A dix ans, le Billy avait déjà une sale gueule. Rouquin dépenaillé, son œil gauche qui disait merde à l’autre, les poings toujours serrés, il sentait l’embrouille et la castagne à plein nez. Il m’a tout de suite repéré. C’était pas difficile remarquez, j’étais le seul gosse à lui foutre la paix. Pas parce que j’étais plus gentil. Ça non. La meute n’avait tout simplement pas eu le temps de me bâfrer. Qu’est-ce qu’il risquait Billy à m’approcher ? Maigre comme j’étais, d’une baffe il pouvait se faire respecter. Je n’ai même pas essayé de lutter. Je m’emmerdais comme un rat mort, et mon père ne voyait pas d’un bon œil ce fils de rien, ce rejeton du mal. Alors bon, même s’il fallait lui faire ses devoirs, même si je n’avais jamais mon mot à dire, mon camp n’a pas été difficile à choisir.

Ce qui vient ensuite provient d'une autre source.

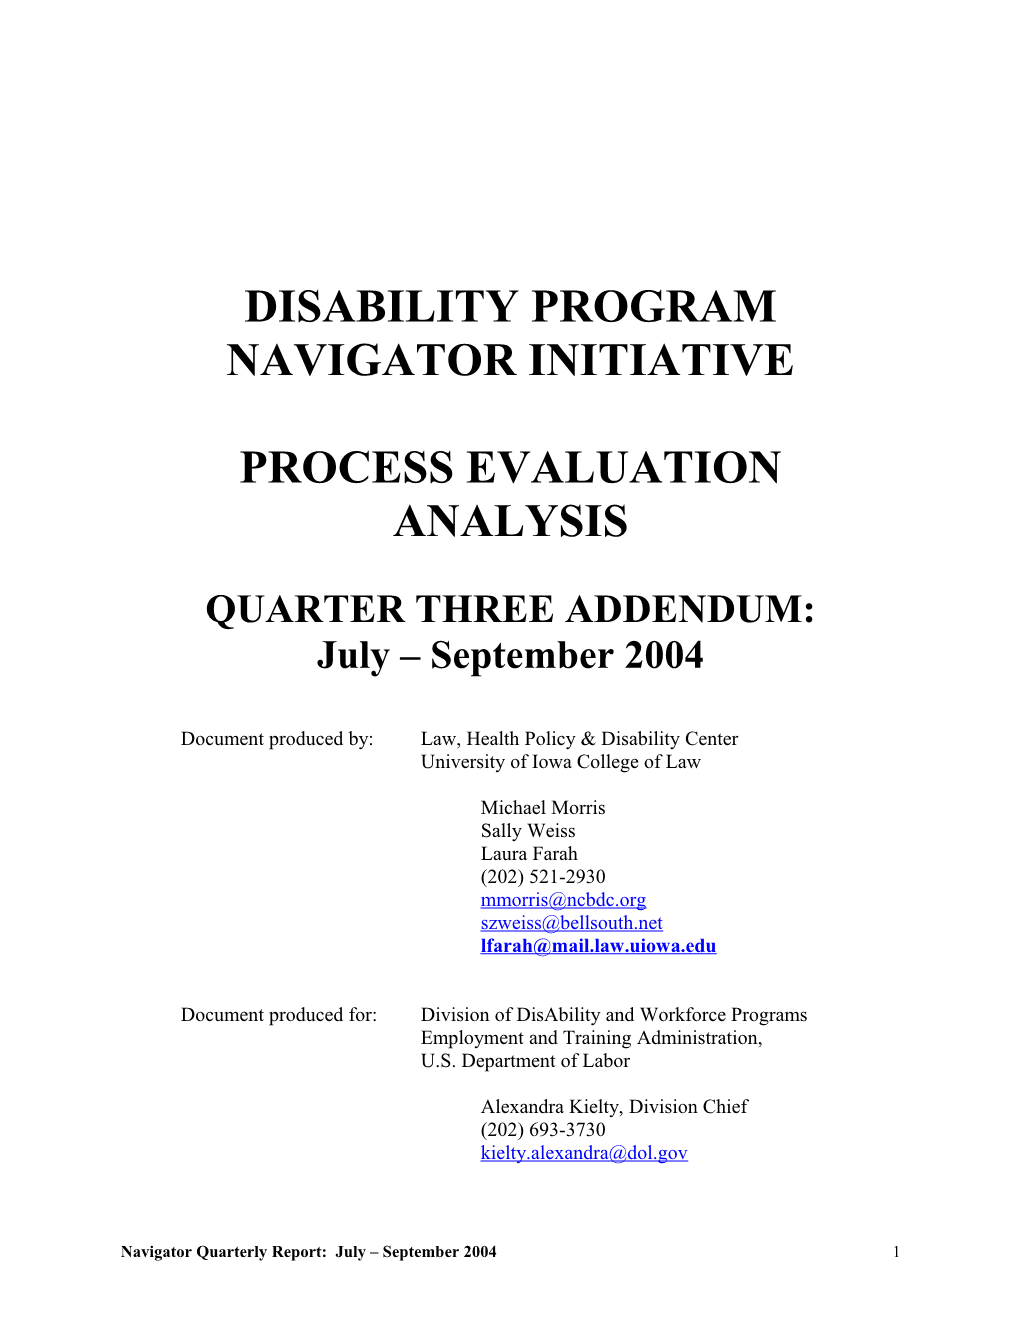 Disability Program Navigator Initiative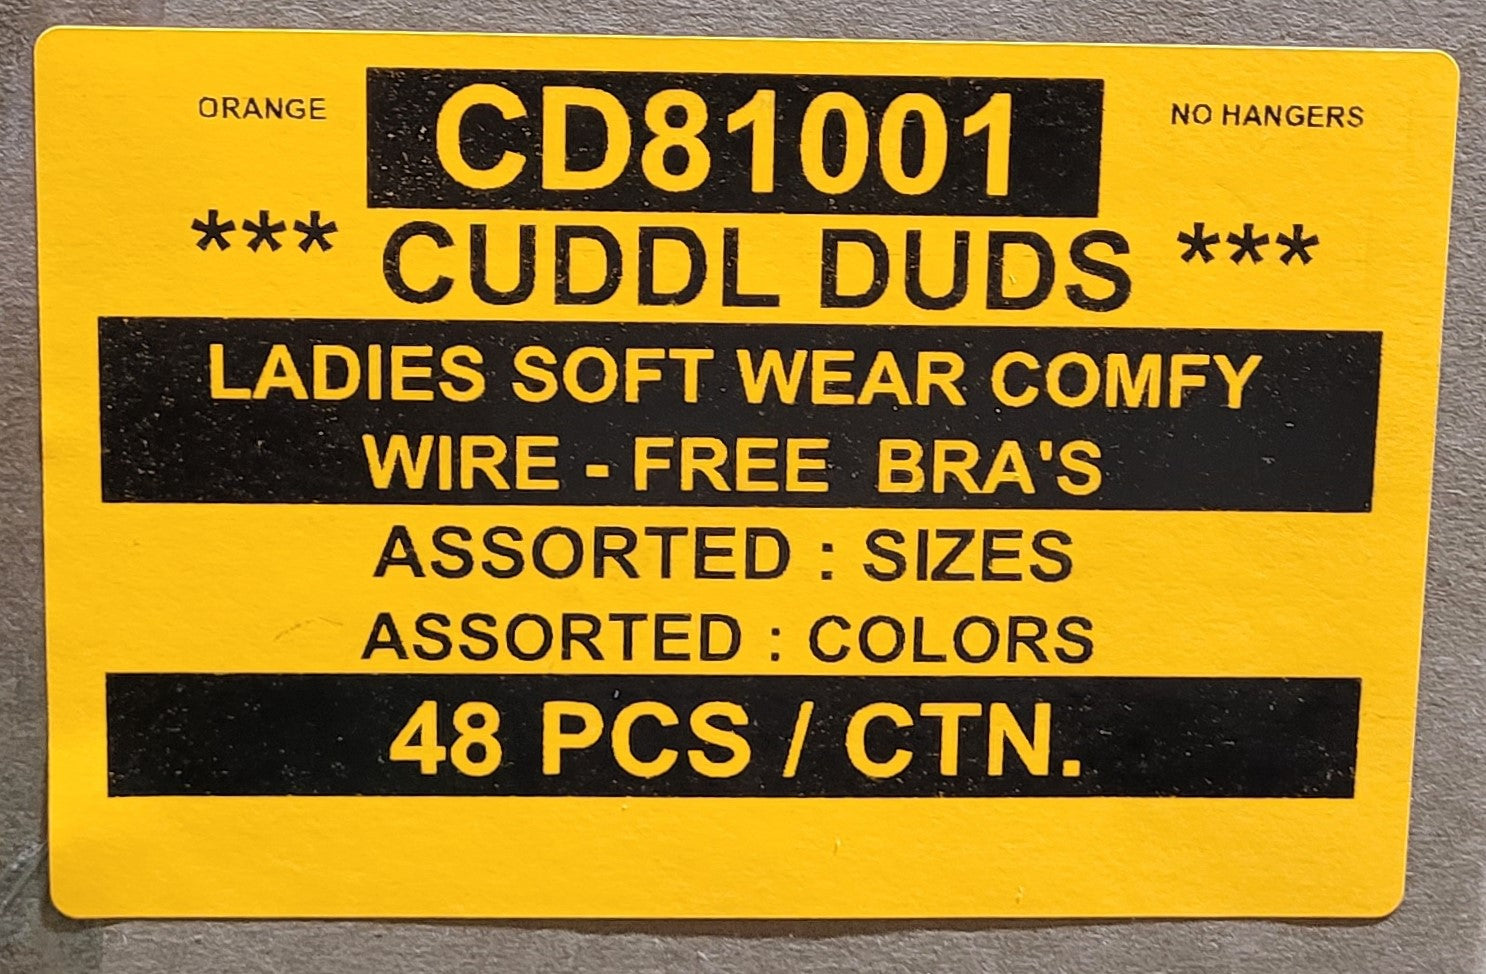 CUDDL DUDS LADIES SOFT WEAR COMFY WIRE-FREE BRAS STYLE CD81001

Trouver où se réfugier. Tous les recoins du village étaient déjà occupés par la meute. Sitôt qu’on y mettait les pieds, on se faisait canarder par une armée de lance-pierres entraînée sur des merles. Alors pensez : pour eux, nous n’étions qu’une grosse plaisanterie ! Le seul territoire qu’elle n’avait jamais pensé à annexer, c’était la décharge du Robert. Trop dangereux, trop bruyant, trop sinistre. C’est devenu notre royaume. De la tôle, des barres de fer, des vieilles bagnoles, de la ferraille en veux-tu en voilà qui ne valait même plus un clou. Ce qu’il vendait, le Robert le stockait dans le hangar qui faisait cinq fois la taille de sa maison. Toujours plein le hangar. Alors quand il avait besoin de faire de la place, il balançait dans le champ du dessus, exposé plein vent. Le bruit que ça faisait… Les falaises n’étaient qu’à une centaine de mètres, les bourrasques ne s’arrêtaient jamais. Elles s’engouffraient dans ce cimetière de fer, le faisaient hurler, beugler, brailler, le peuplaient de spectres assourdissants qui avec le temps devinrent nos pires alliés.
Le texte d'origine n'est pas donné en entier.